Powers' statue The Closing of an Era at the Colorado State Capitol in Denver depicts an American Indian in triumph over a fallen bison. The granite for the statue came from Fremont County, Colorado. The sculpture was completed for the Chicago World's Fair in 1893. Powers' friend John Greenleaf Whittier wrote the poem inscribed at the base of the monument.

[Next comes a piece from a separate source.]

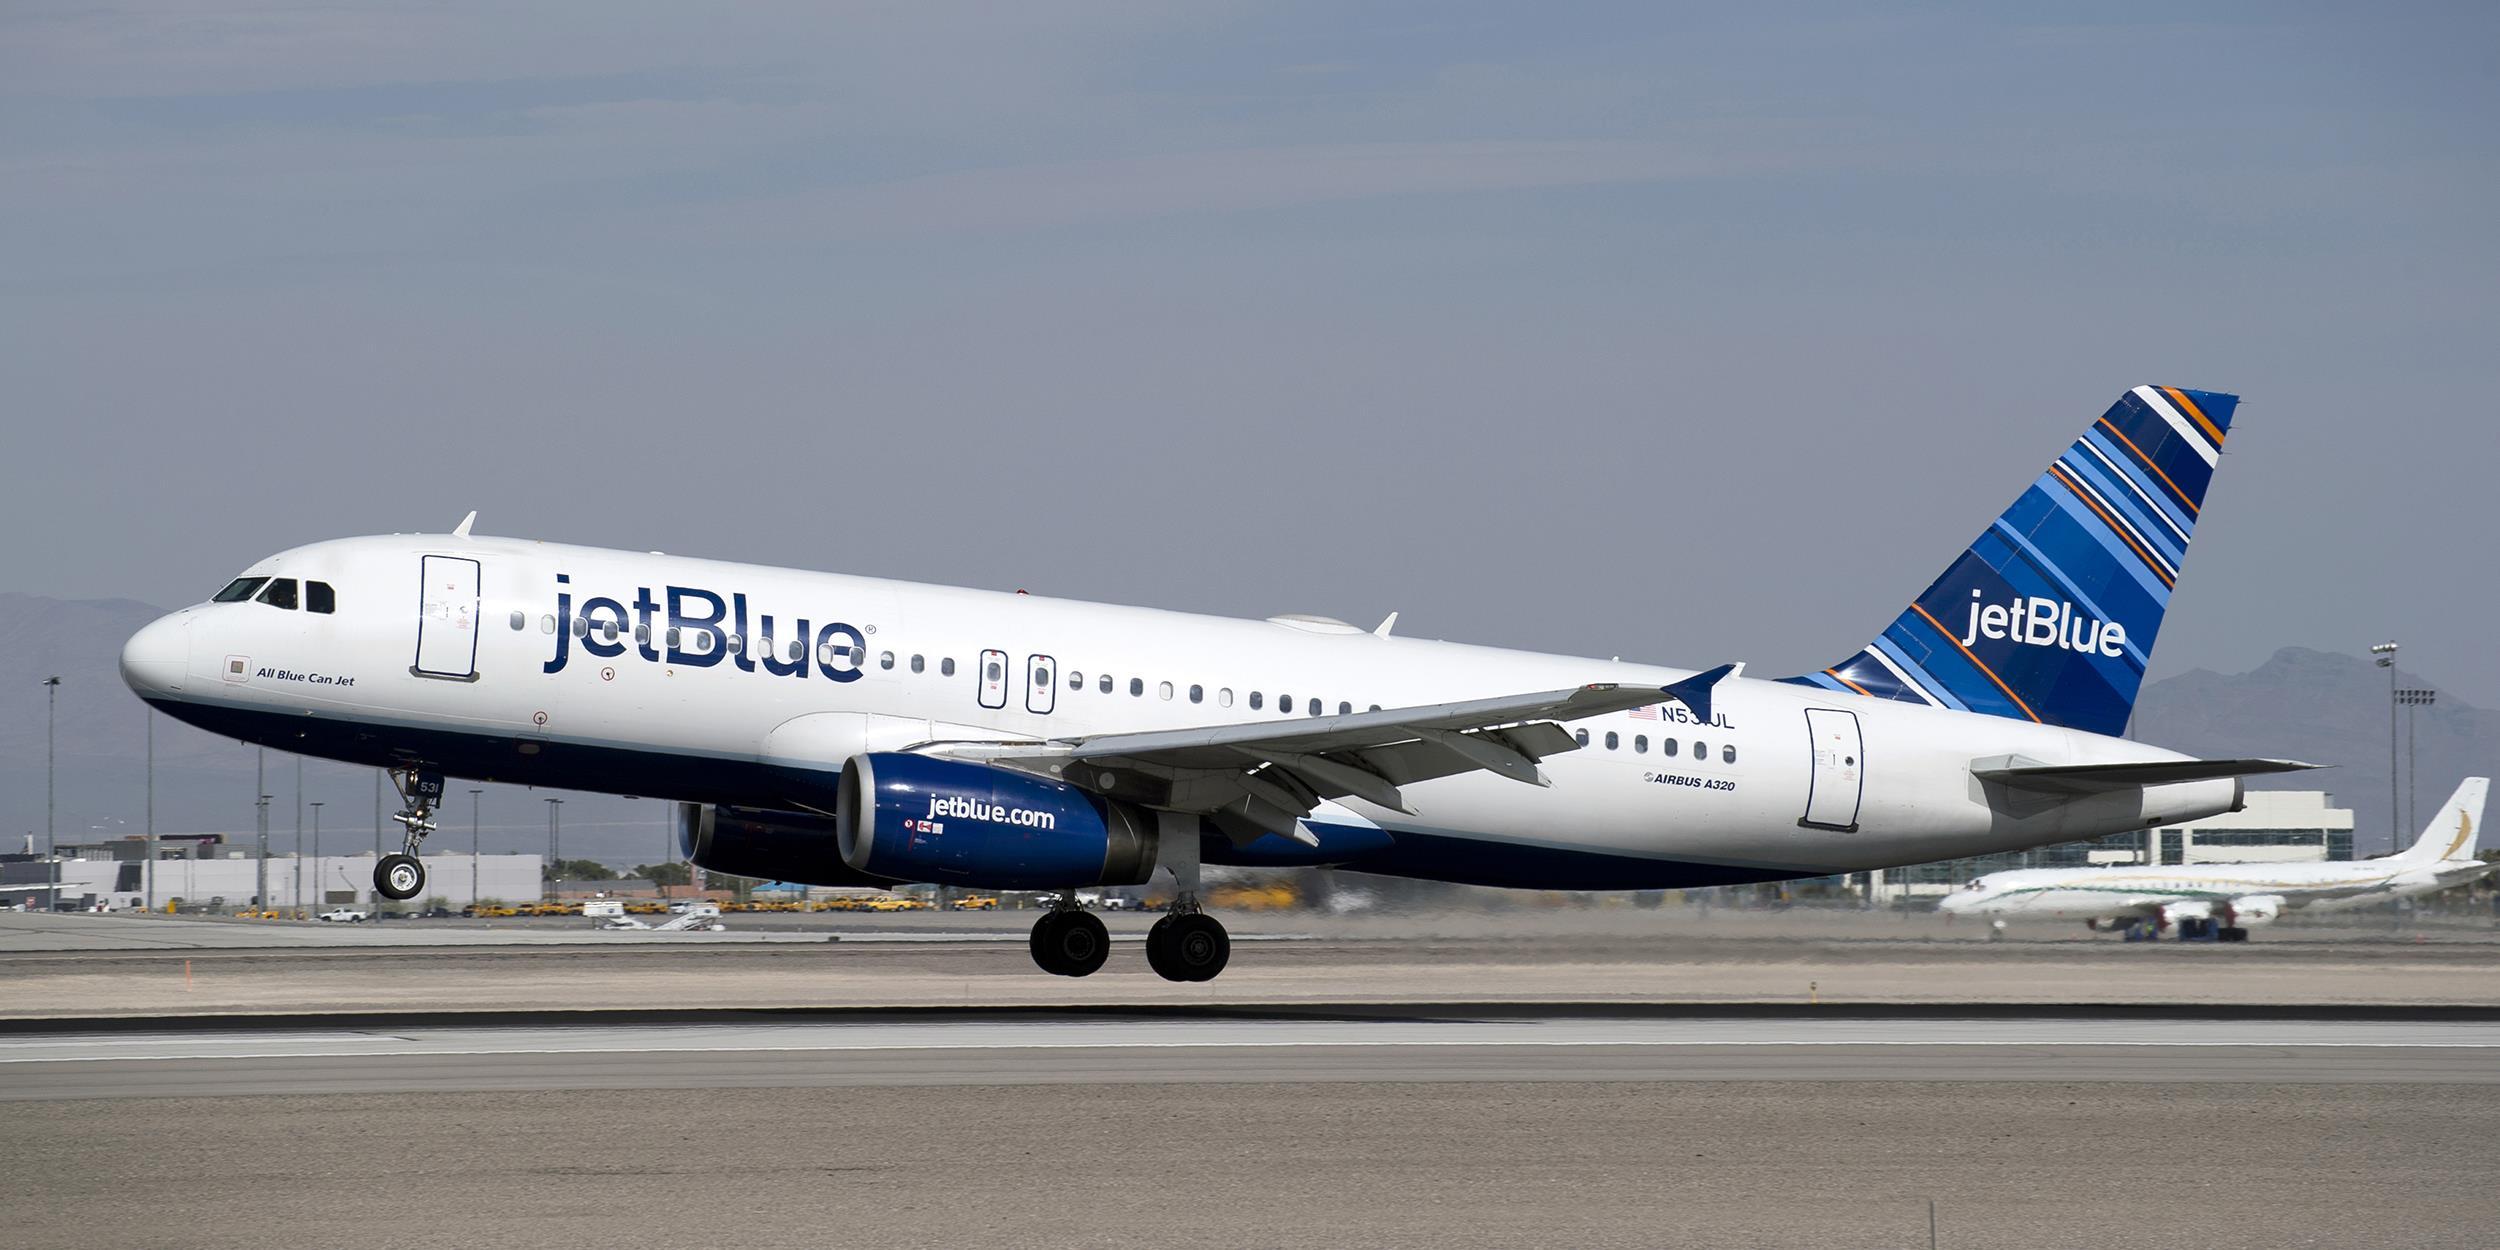 JetBlue to add bag fees, cut legroom - TODAY.com
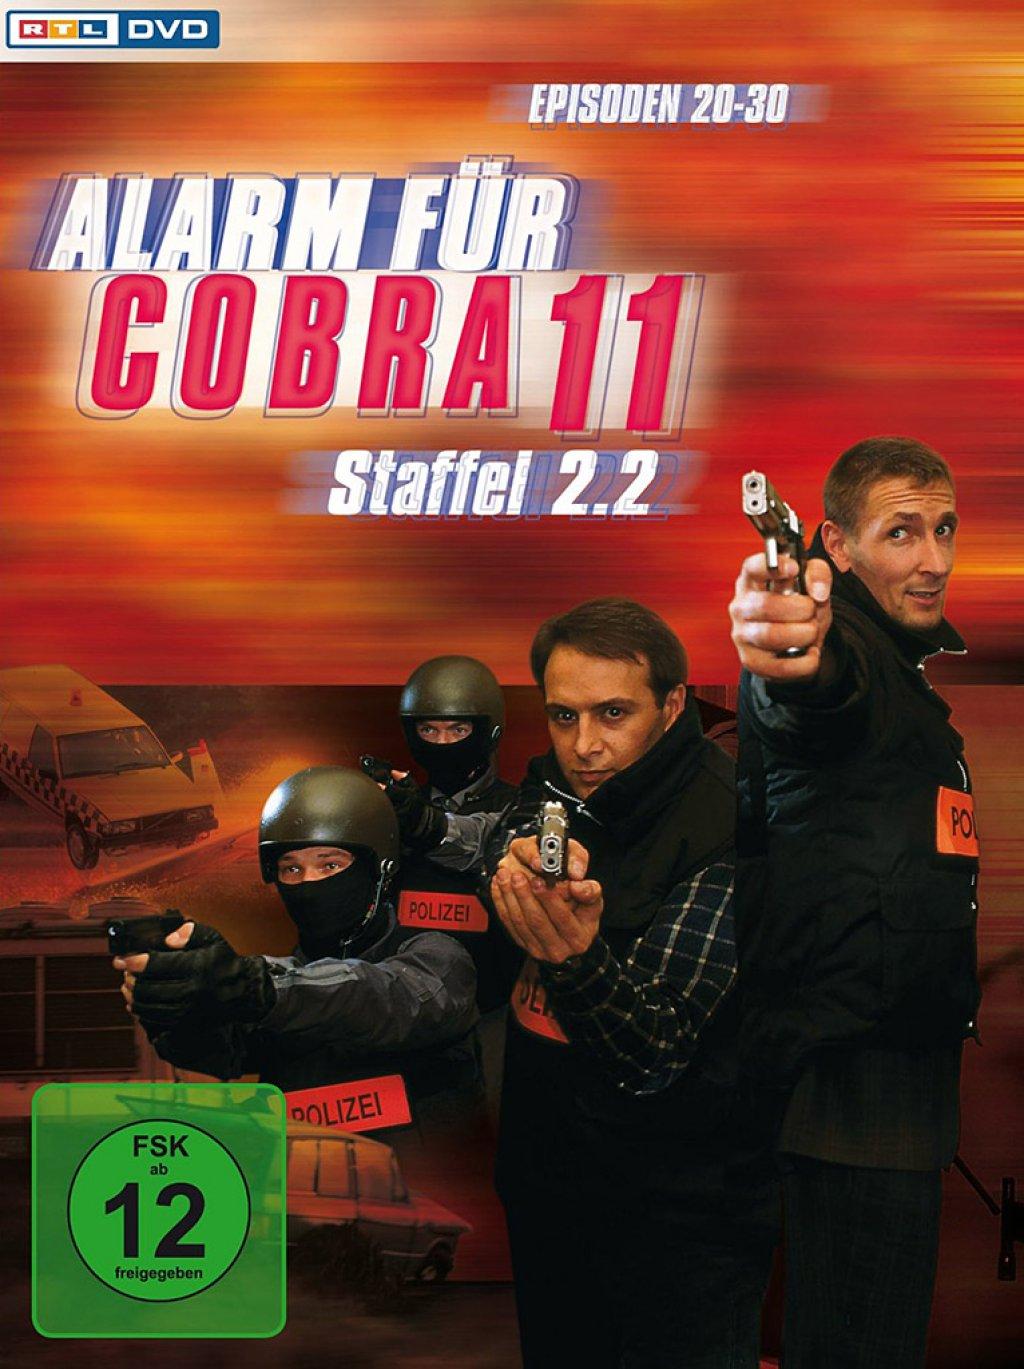 Alarm für Cobra 11 - Staffel 2.2 (DVD)

Preston Powers sculpted several portrait busts; some of his most notable creations include:
- Lady Alexander Mackenzie of Scotland
- United States Senator Justin Smith Morrill of Vermont
- James Lawrence, Boston, Massachusetts
- Alvin Adams, founder of Adams Express Company
- John Greenleaf Whittier
- J. C. Whiting
- Senator Charles Sumner
- President Ulysses S. Grant
- Marshall Field and Son, Chicago, Illinois
- Mrs. Wheatland, Salem, Massachusetts
- Eugene Sargent, Boston
- Mrs. John E. Hatch, Cincinnati
- Senator Jacob Collamer of Vermont, installed in the United States Capitol, in Washington, D.C., as part of the National Statuary Hall Collection.
- Bishop George Burgess, first Episcopal bishop of Maine
- Emanuel Swedenborg, for the New Church in England
- Reuben Springer, for the Music Hall in Cincinnati

His students include Alice Cooper and Elsie Ward.